*INFORMATION SUPPLIED*:
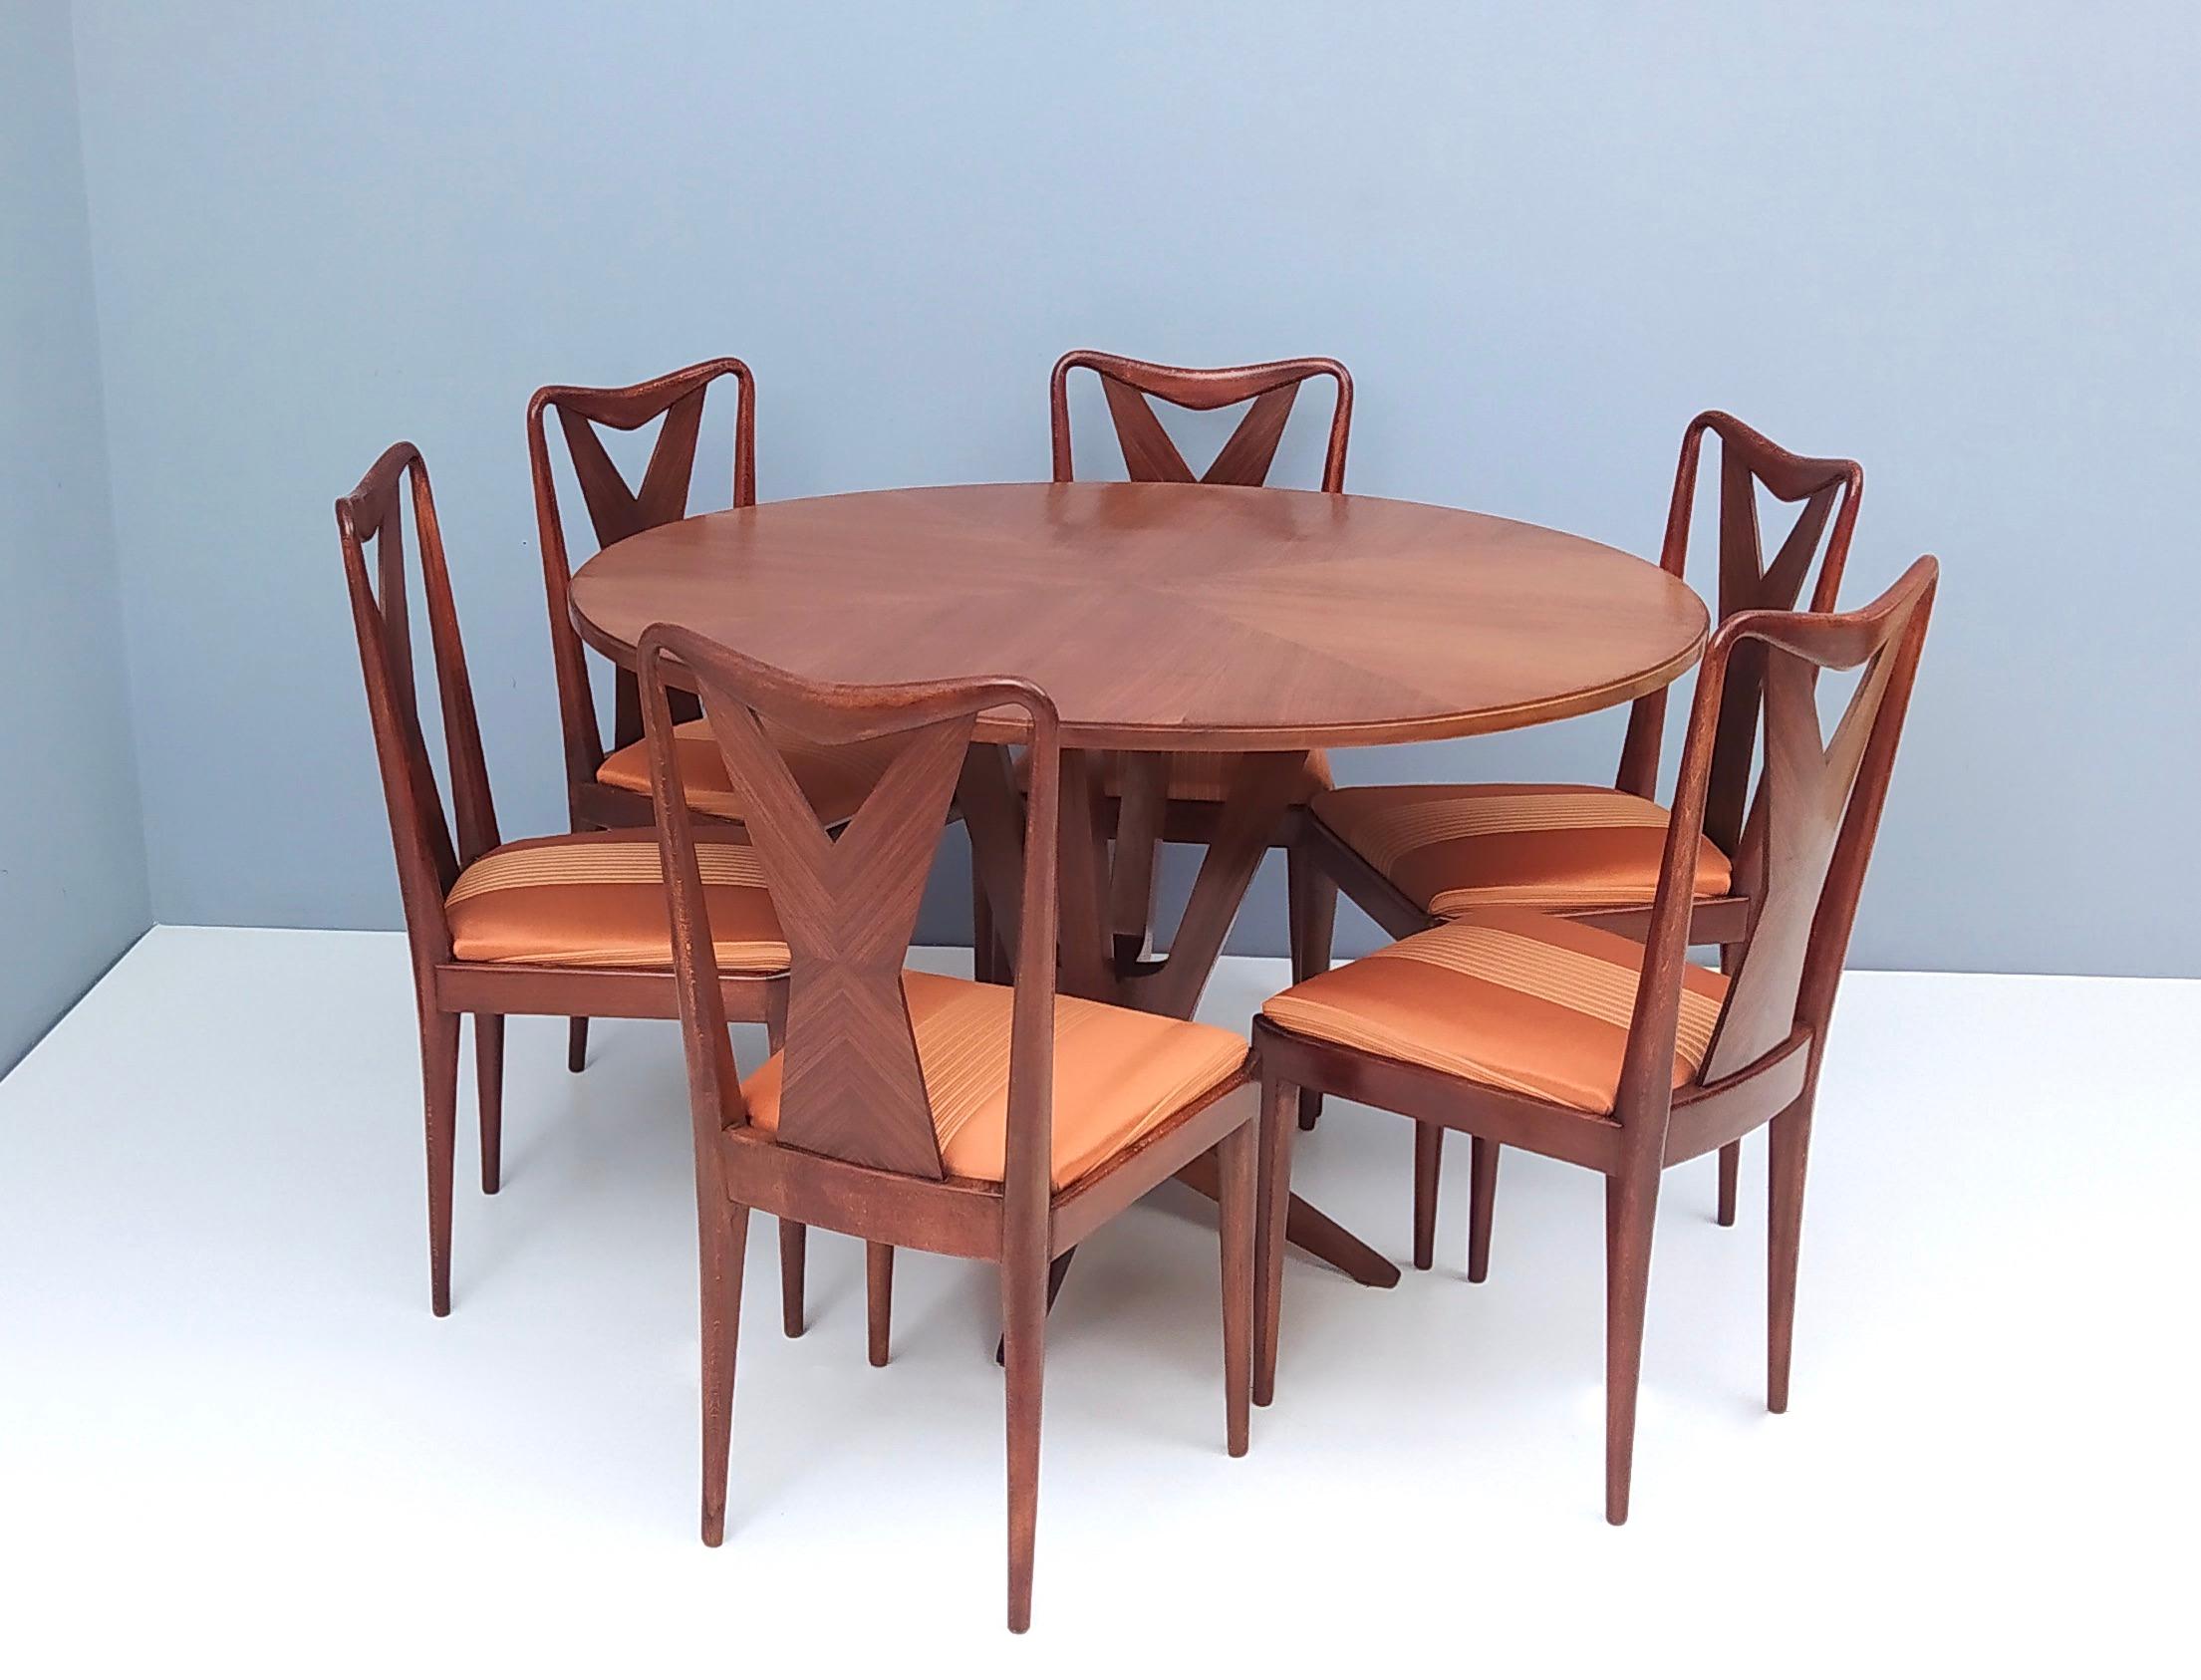 Made in Italy, 1950s.
Their design is ascribable to Ico Parisi, in particular the shape of the legs.
These dining chairs feature a walnut frame and a new orange satin upholstery.
They're vintage therefore they might show slight traces of use, but
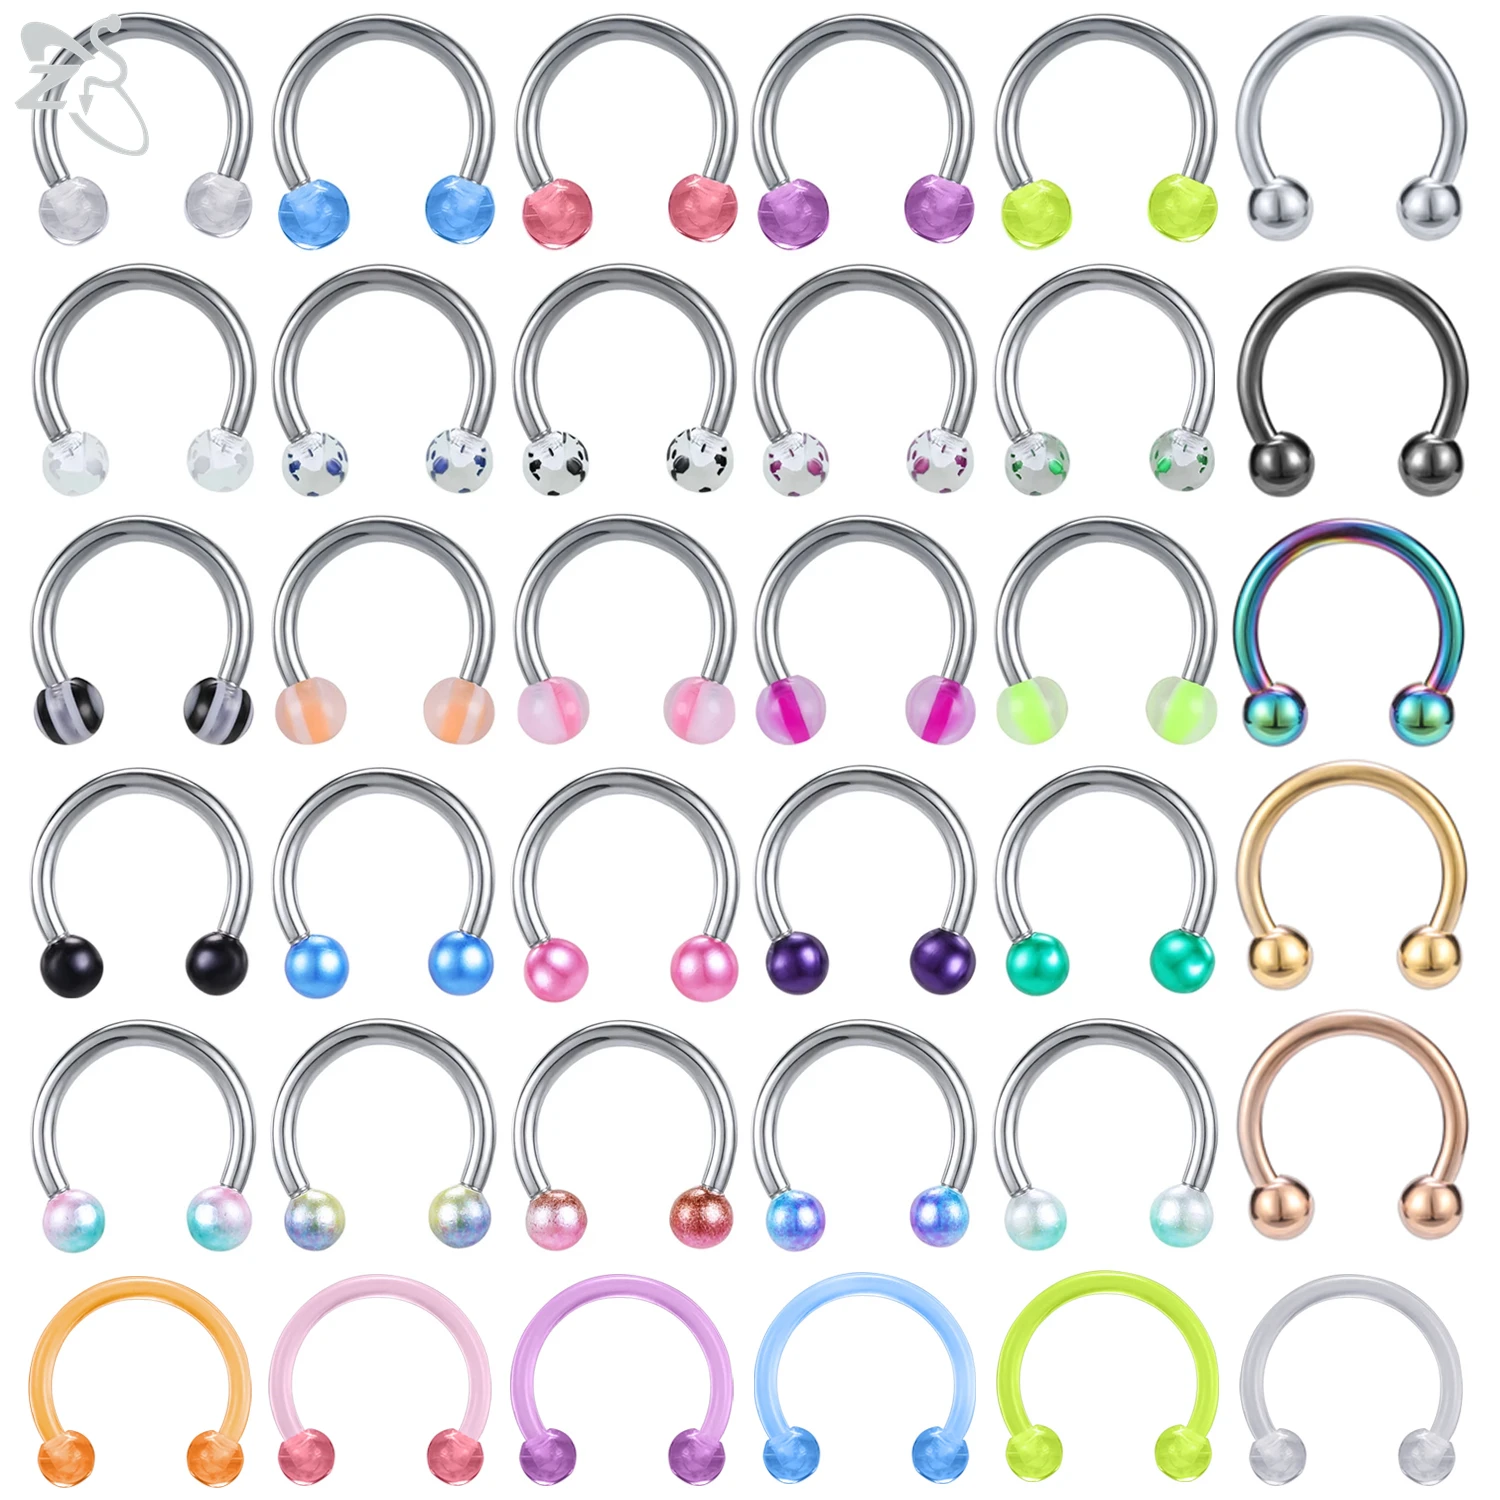 

ZS 1 PC Horseshoe Stainless Steel Nose Ring Colorful Septum Piercings 16G Ear Helix Tragus Cartilage Daith Piercing Jewelry 8MM

*TO DO*: Without the pictures, repeat all the records word for word.

*EXERCISE OUTPUT*:
 Made in Italy, 1950s.
Their design is ascribable to Ico Parisi, in particular the shape of the legs.
These dining chairs feature a walnut frame and a new orange satin upholstery.
They're vintage therefore they might show slight traces of use, but

ZS 1 PC Horseshoe Stainless Steel Nose Ring Colorful Septum Piercings 16G Ear Helix Tragus Cartilage Daith Piercing Jewelry 8MM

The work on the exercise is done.